Недалекий Мехлис обмишулился. Не знал, что и сам вождь тоже «спит с медсестрой». И когда на странное молчание Сталина Мехлис повторил вопрос: «Что будем делать?» — Сталин, как бы полусмущенно, сказад:

— Чьто дэлать? Завыдоват будэм, товарищ Мэхлис…

Однако в другой раз, получив письмо-жалобу известного писателя и журналиста, что Рокоссовский «задерживает у себя его жену и также известную красавицу киноактрису», Сталин, вызвавший Рокоссовского по фронтовым делам, как бы мимоходом спросил:

— Товарыщ… Рокоссовский… Ви нэ знаэтэ… случайно, чья жена писателя (такого-то)?

— Писателя такого-то…

— Вот и я тоже… так думаю… — закончил Сталин, не углубляясь в суть вопроса.

Жену писателя немедленно вернули в Москву военным самолетом…

И вот сейчас, поглядывая на бравого, моложавого маршала в новых погонах — получил их не столь давно вместе со Звездой Героя Советского Союза за блестящую фронтовую операцию, проведенную вопреки мнению Сталина и Генштаба, — Сталин прикидывал, не назначить ли Рокоссовского командующим всей Берлинской операцией. Этим и было вызвано длительное молчание вождя, ибо к тому же он знал: Рокоссовский стремится к победам малой кровью и тем отличается от всех других его «стальных солдат».

Сталин еще не выздоровел. Был в маршальской форме, но осунувшийся, похудевший, и форма не делала его моложе, даже молодящимся он не выглядел — просто старик в мундире с золотыми погонами. Он сидел, опираясь на стол, слушал доклад Антонова, часто пил воду с лимоном и вопросы начал задавать непривычно тихим голосом, причем акцент его, столь явный еще в начале 41-го, теперь значительно сгладился, как бы стерся. И голос тоже состарился.

— Щьто потрэбуэтся… щтобы взять этот город… бэз болыцих потэрь? — бросил он первый вопрос. — Война, считайтэ, закончэна. Это… ее послэдный аккорд… И сыграть эго… надо хорошо… Я прощю доложит… какые мэры вы все прынялы… щьтобы избэжять самых нэнужных… и самых горьких потэрь…

Он вздохнул, отпил воды, пожевал губами… Таким маршалы видели его впервые.

— Товарищ Жюков… вам слово.

Собранный, волевой, всегда углубленно важный, Жуков поднялся и начал докладывать: столько-то войск, такая-то артиллерия, авиация… Говорил четко, уверенно, кратко, но Сталин остановил его движением руки:

— Я не об этом спросыл вас… Это нам и так понятно.
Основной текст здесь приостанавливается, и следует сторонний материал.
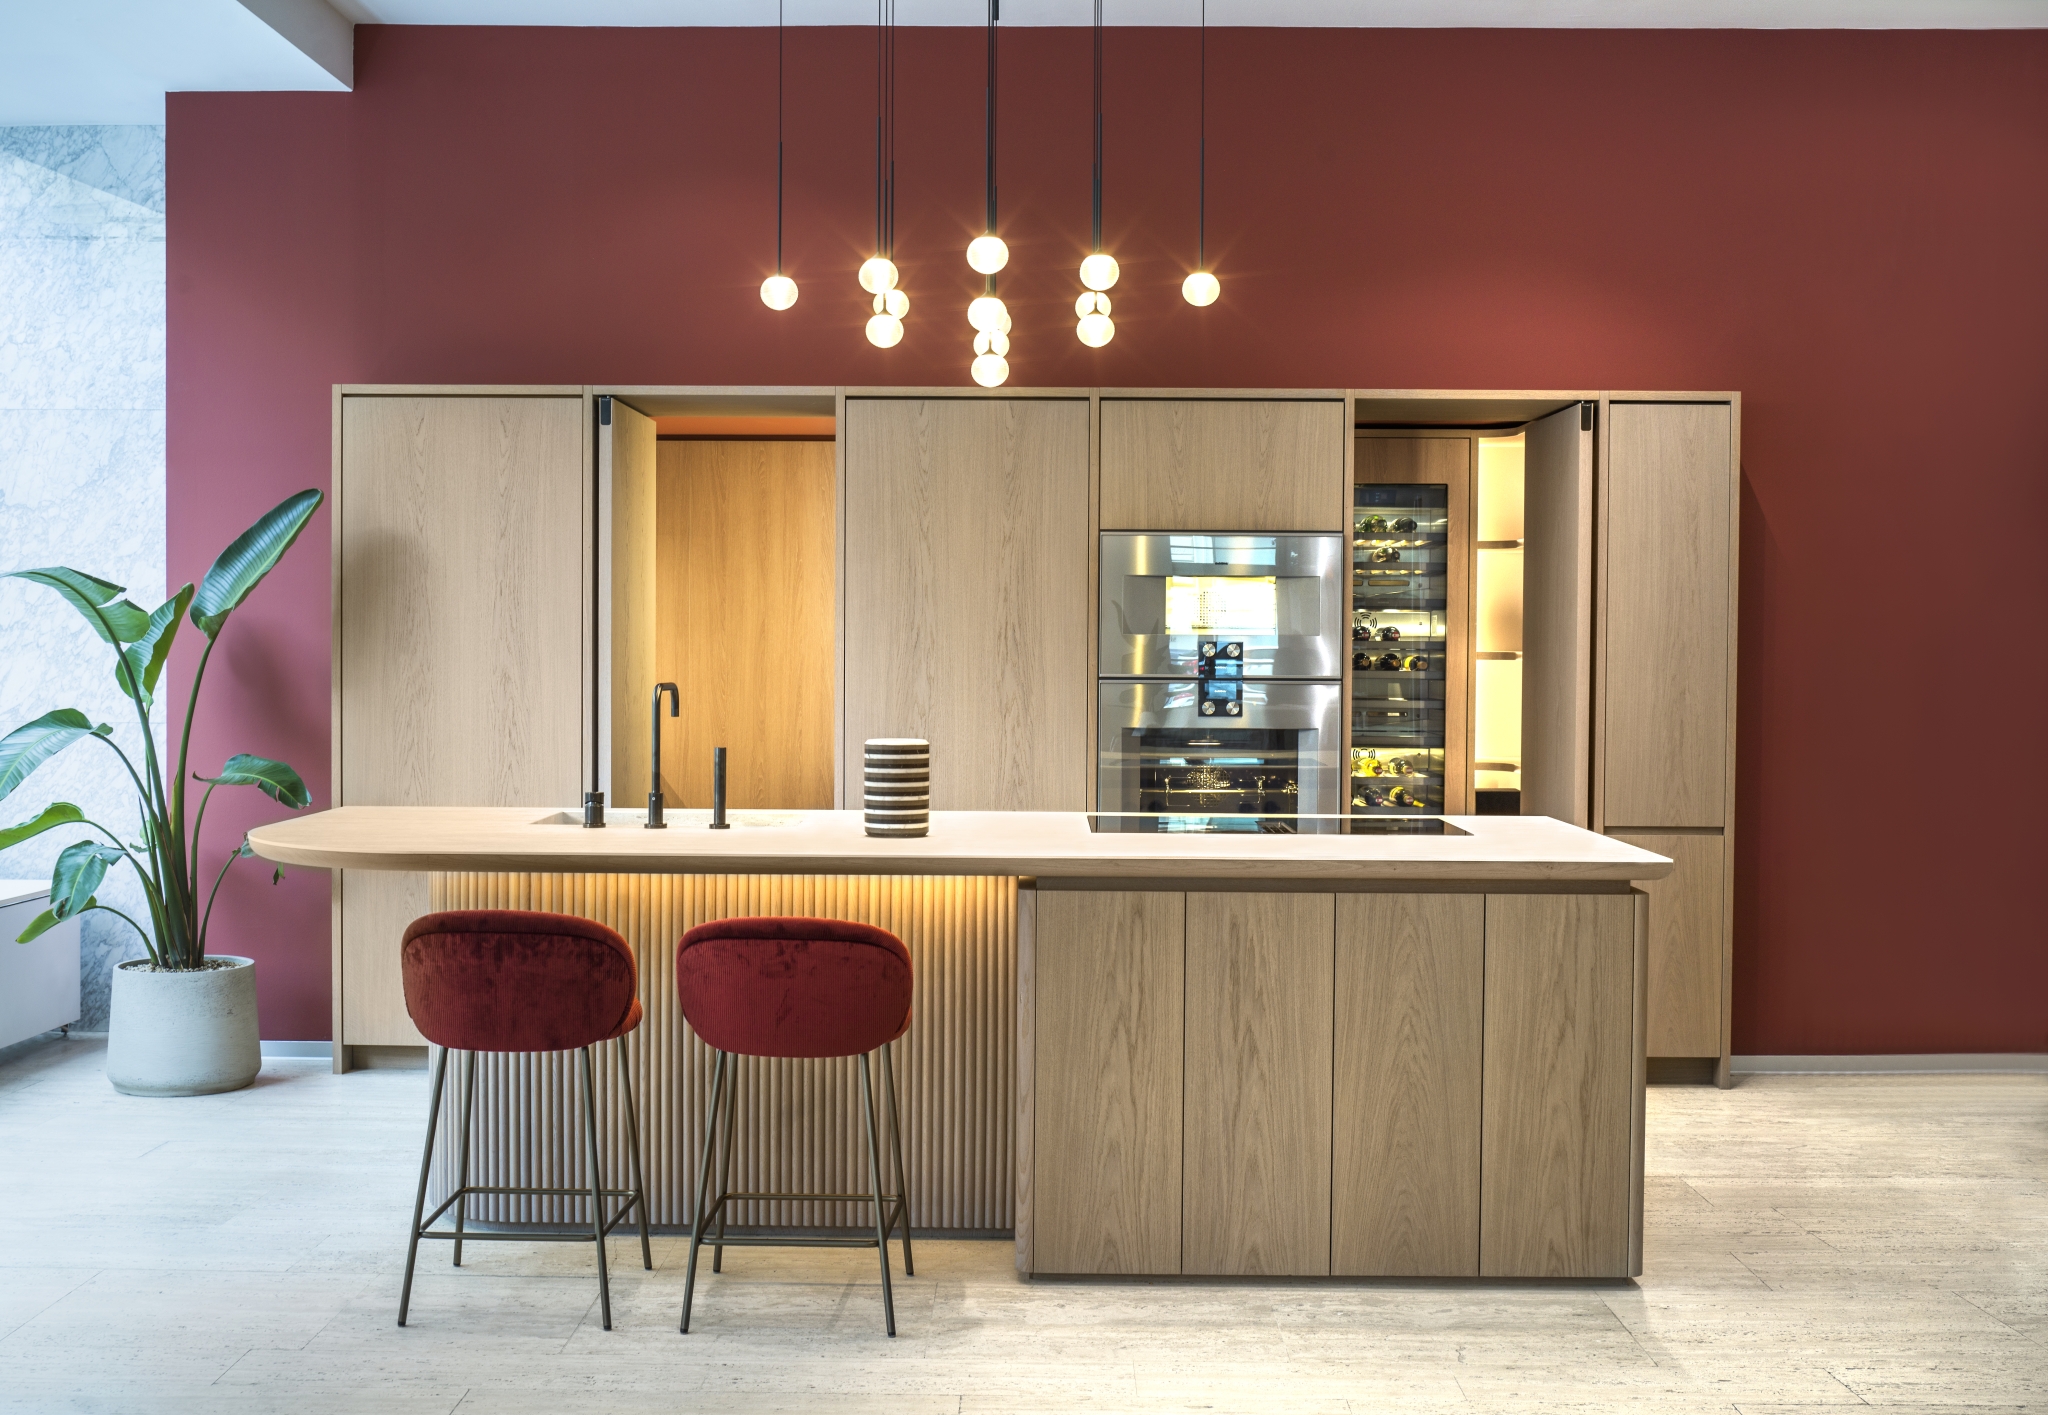 Modernes Kücheninterieur mit eleganter Holzoberfläche, einer Insel mit trendigen Barhockern und einer leuchtend burgunderroten Akzentwand, ergänzt durch stilvolle Hängelampen.

Нам нужьно… КАК… — Сталин выделил это слово, — добится побэды и понэсти наимэнщие… потэри…

Маршалы переглянулись. Члены Политбюро одобрительно кивали.

Слово попросил Рокоссовский.

— Я скромно полагаю, — сказал он, — что войск, сосредоточенных для удара по Берлину, более чем достаточно. Возможно, справился бы и один фронт. Поскольку мои войска здесь задействованы лишь косвенно (он командовал 2-м Белорусским фронтом), я хотел бы предложить перед наступлением предпринять еще и психическую атаку на противника. Немцы измотаны, и потому есть смысл их напугать. Надо всюду листовками, по радио и другими средствами распространить слух, что против них будет применено новое оружие. Далее, надо сосредоточить на главных ударах всю возможную осветительную технику и после первого артналета включить ее всю плюс всю возможную акустическую технику: сирены, воющие бомбы, ракеты, радиоусилители.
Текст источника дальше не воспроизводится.